Factors Affecting Energy Metabolism: Brown Fat, Medications, Weight Loss

Continuing with citations from my article in Obesity Reviews on an aeteological framework for assessing obesity, we now turn to the some of the factors that can affect metabolic rate:

Metabolically Active Fat
Recent evidence suggests that brown adipose tissue (BAT) exists into adult hood and can, when present account for as much as 20% of daily resting energy expenditure. While the exact contribution of BAT (or lack thereof) to obesity remains to be determined, the presence and inducibility of BAT by cold exposure is inversely related to BMI, appears higher in women, and diminishes with aging. Given the role of cold exposure in the expression of BAT, it can be speculated that an increase in ambient temperature may promote weight gain by significantly reducing BAT and, thus, metabolic rate in some individuals. In rodents, increased production of neuropeptide Y in the hypothalamus can not only increase food intake but also reduce energy expenditure via a reduction in non‐shivering thermogenesis in BAT and facilitate triglyceride deposition through increased insulin levels.


A wide range of medications can affect metabolic rate. Notably, the use of beta‐blockers has been shown to significantly reduce thermogenesis, resulting in clinically relevant weight gain 34. Metabolic rates can also be reduced by the discontinuation of drugs that promote thermogenesis such as beta‐adrenergic agents, stimulants (including performance‐enhancing and illicit drugs like crack/cocaine), coffee or nicotine, resulting in weight gain.\

Weight Loss

Finally, weight loss can markedly reduce energy requirements with a 5–10% reduction in body weight reducing resting metabolic rate by as much as 20% in some individuals, thereby substantially increasing the susceptibility to weight regain in the post‐obese state.

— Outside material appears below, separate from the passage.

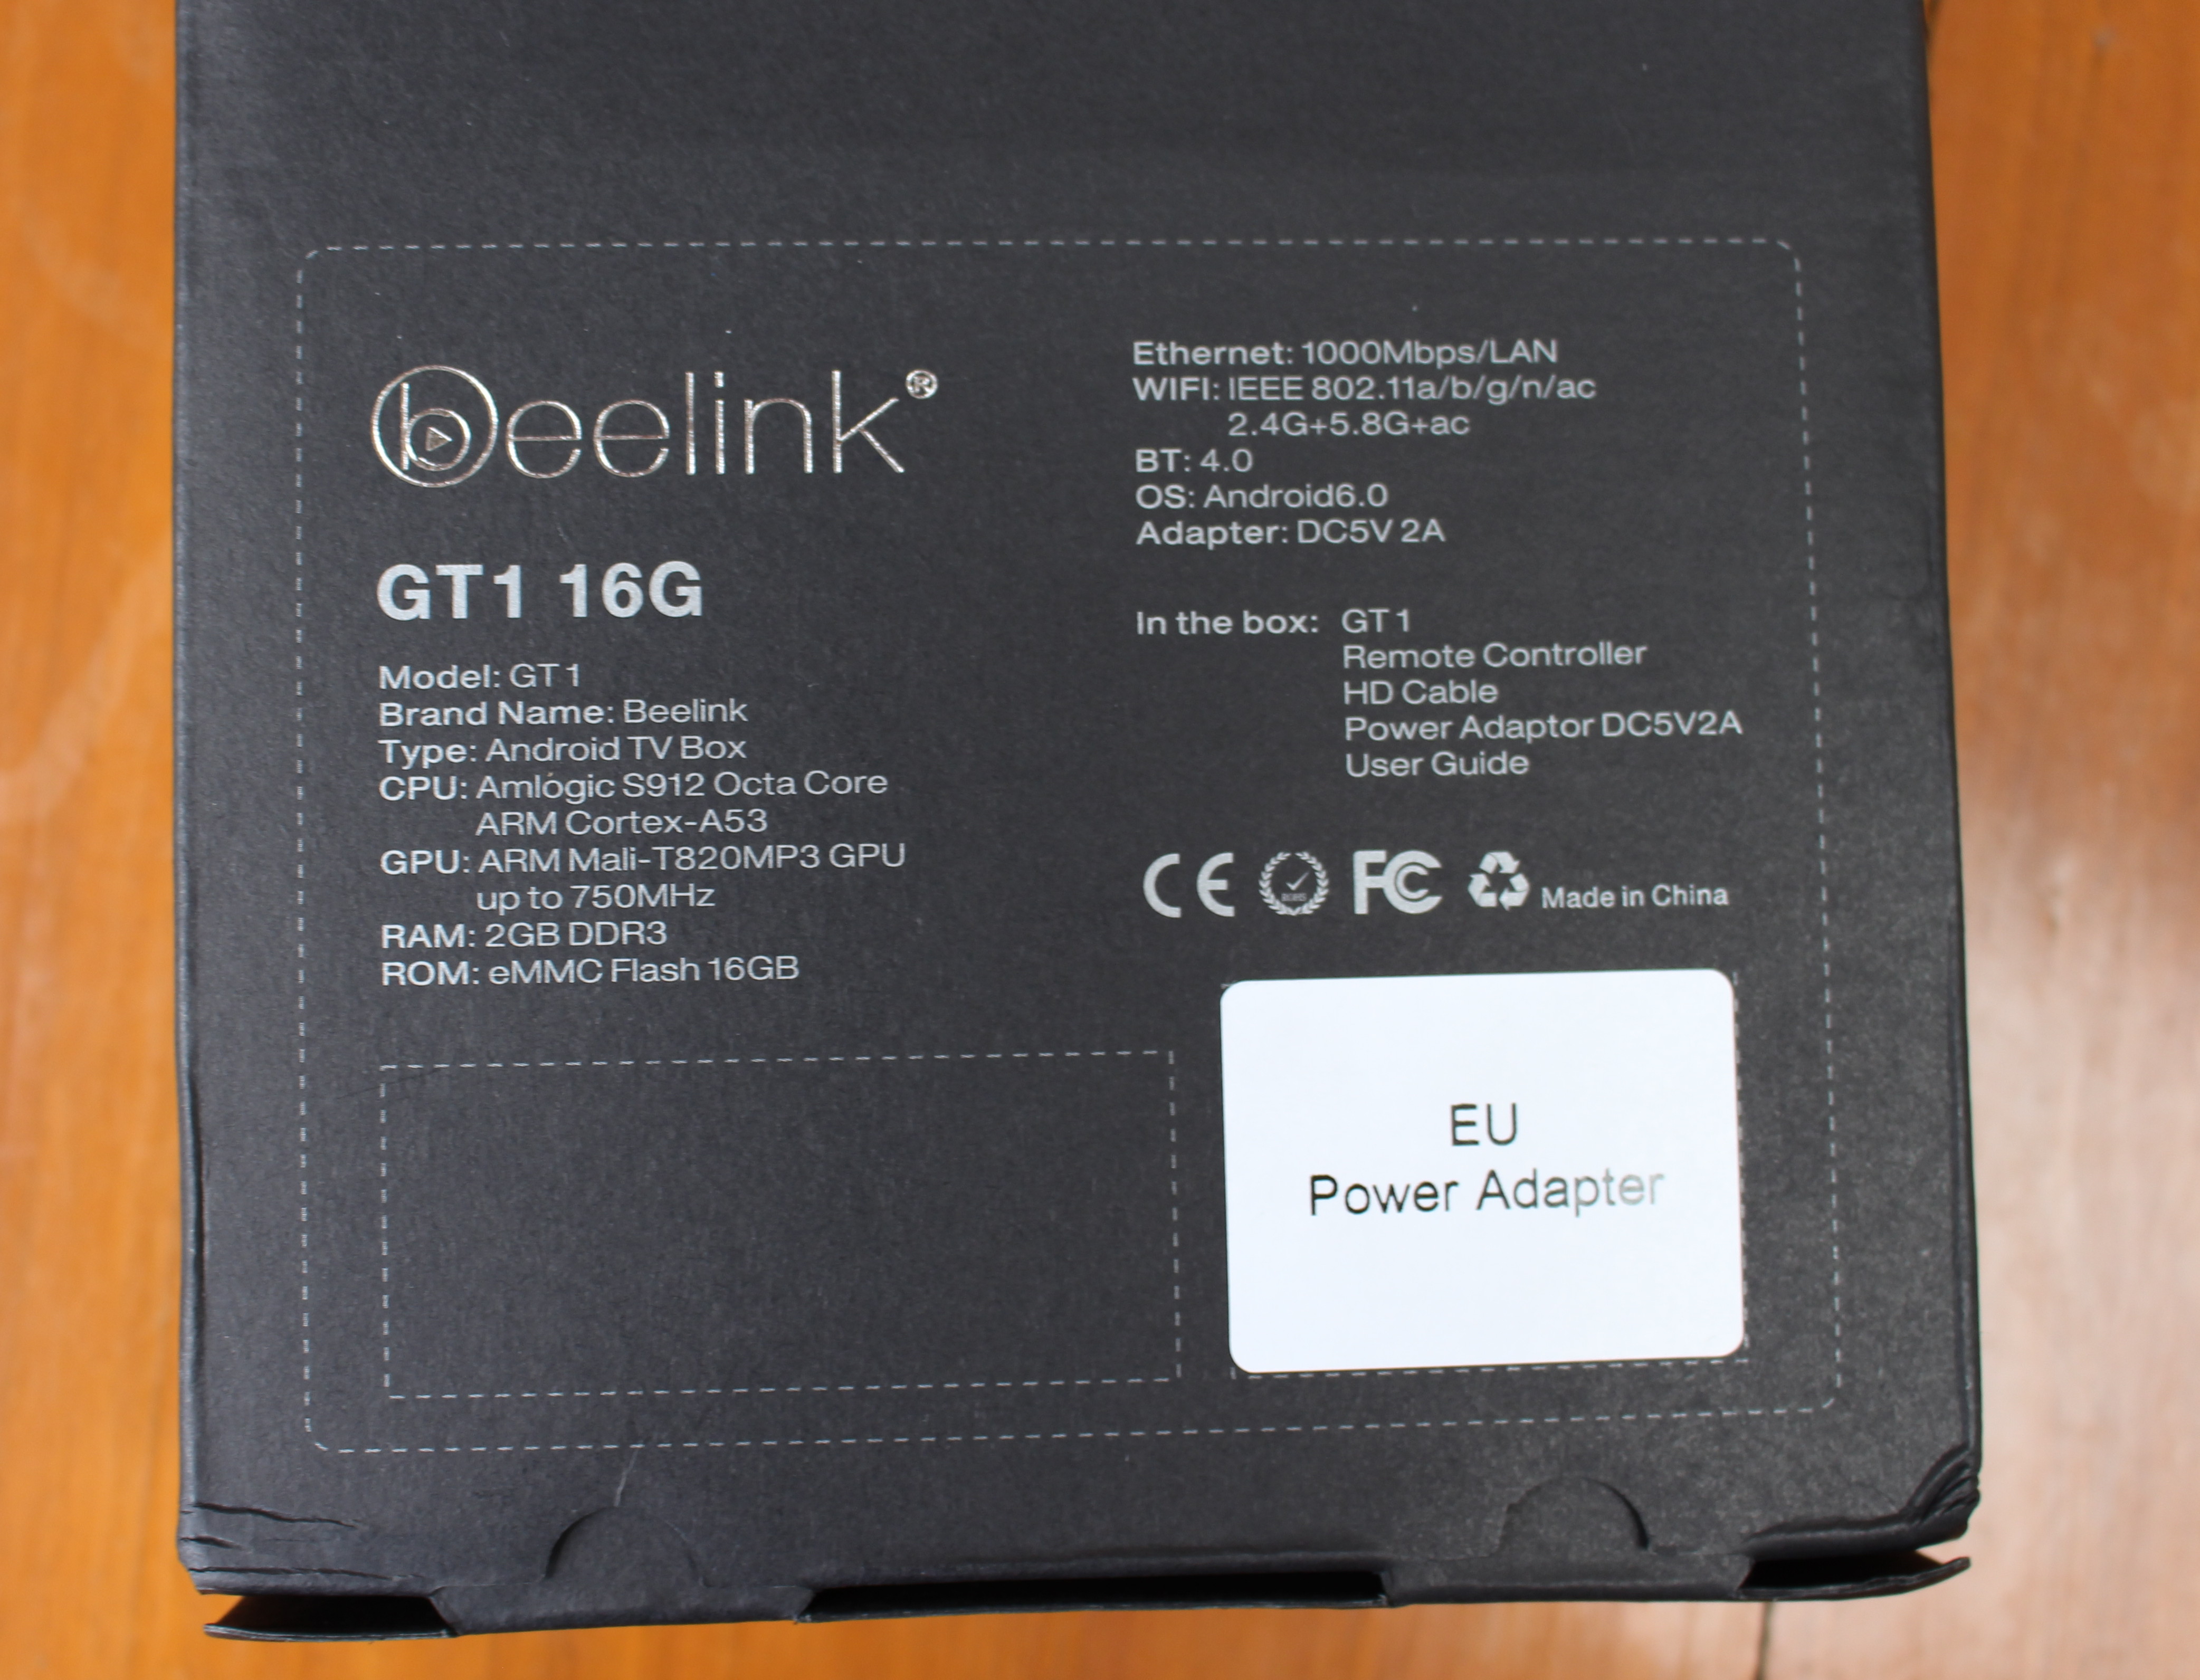 beelink-gt1-16g-specifications-large

Commentary: In summary, any of the many factors that can reduce metabolic rate, can result in weight gain even with no change in energy intake or energy expenditure. In a clinical setting, this would apply to the patient, who tells you that they have not changed their food intake or their activity levels and, yet, have gained weight. Rather than simply discarding this information from a patient as being untrue or “delusional”, clinicians should give careful consideration to the factor that there very well may be factors that have led to a significant reduction in metabolic requirements.